Château Thuerry, l’exception au naturel

Isabelle Dert Bono

Château Thuerry c’est avant tout un vigneron qui a posé ses pas dans ceux des premiers vignerons de Provence. Ici les vignes plongent leurs racines dans un terroir choisi par les templiers de la grande commanderie du Ruou, et par les romains avant eux.

Deux siècles avant Jésus Christ, leurs légionnaires ont bâti les restanques de pierres sèches qui façonnent le paysage de ce cirque naturel dédié au vin, aux oliviers et à la production de terre cuite sous toute ces formes. En découvrant ce lieu d’histoire mêlant la terre et les hommes à travers les âges, le contraste entre la majestueuse bastide rouge du XIIème siècle et le chai ultracontemporain est saisissant.

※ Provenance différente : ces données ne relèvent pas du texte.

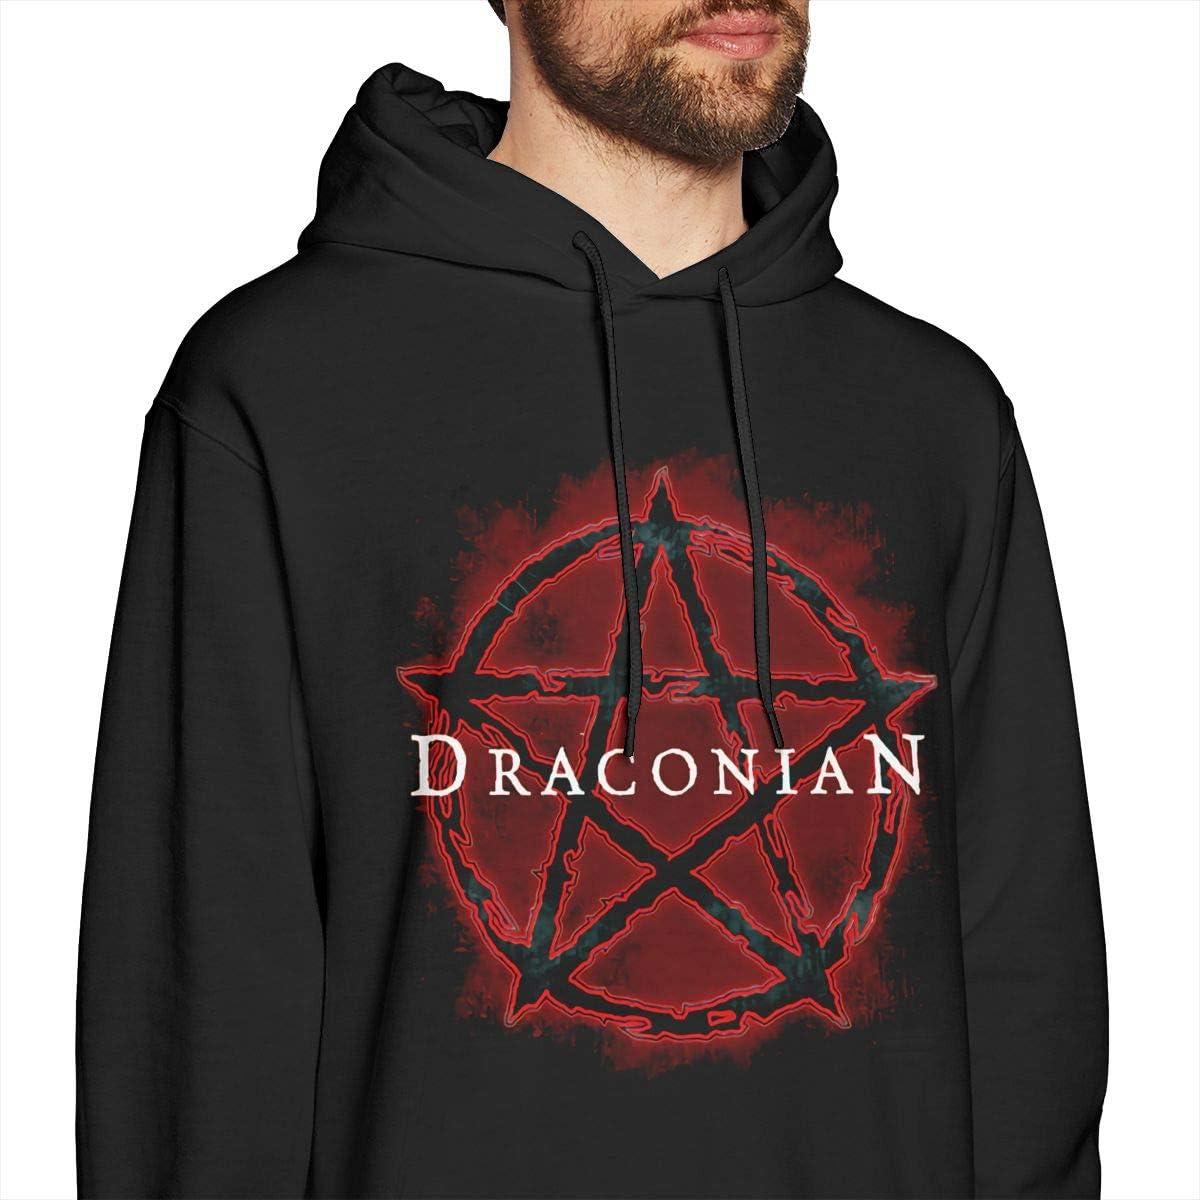 COURTNEY FRANCIS Draconian Cool Mens Long Sleeve Sweatshirts Mens Hoodies Black

Nichés à l’entrée du Parc Naturel du Haut-Var-Verdon, au cœur d’un terroir exceptionnel propice à l’élaboration de grands vins, les 300 hectares argilocalcaires de Château Thuerry culminent à 400m d’altitude. Ils ont la particularité de se déployer sur trois communes et trois appellations : Villecroze classé en AOC coteaux varois en Provence, Flayosc en AOC Côtes de Provence et Tourtour en IGP coteaux du Verdon. Alliance subtile de méthodes ancestrales et de modernité, les trois cuvées de caractère attachées à chacune de ces appellations se déclinent dans les trois couleurs avec 50% de rouges, 35% de rosés et 15% de blancs.
Sur cette terre prédestinée, Jean Louis Croquet développe son vignoble en accord avec son désir d’être au plus près de la nature. Rencontre avec un amoureux du terroir et des grands crus, passionné de vin et de rugby.

Vous produisez un vin Nature depuis 3 ans, votre vision du vin a-t-elle évolué depuis 1998 ?
Cela fait 50 ans que je suis vigneron, 25 ans le week-end à Chablis quand j’étais encore dans les statistiques, et 25 ans à plein temps à Thuerry. On ne fait plus le vin comme on le faisait il y a 50 ans, ni comme on le fera demain. Mon équipe a été reformée autour d’Olivier Félis, directeur technique et œnologue d’origine bordelaise, à la genèse de ces vins nature qui se développent avec succès.

Qu’est-ce qu’un vin nature ?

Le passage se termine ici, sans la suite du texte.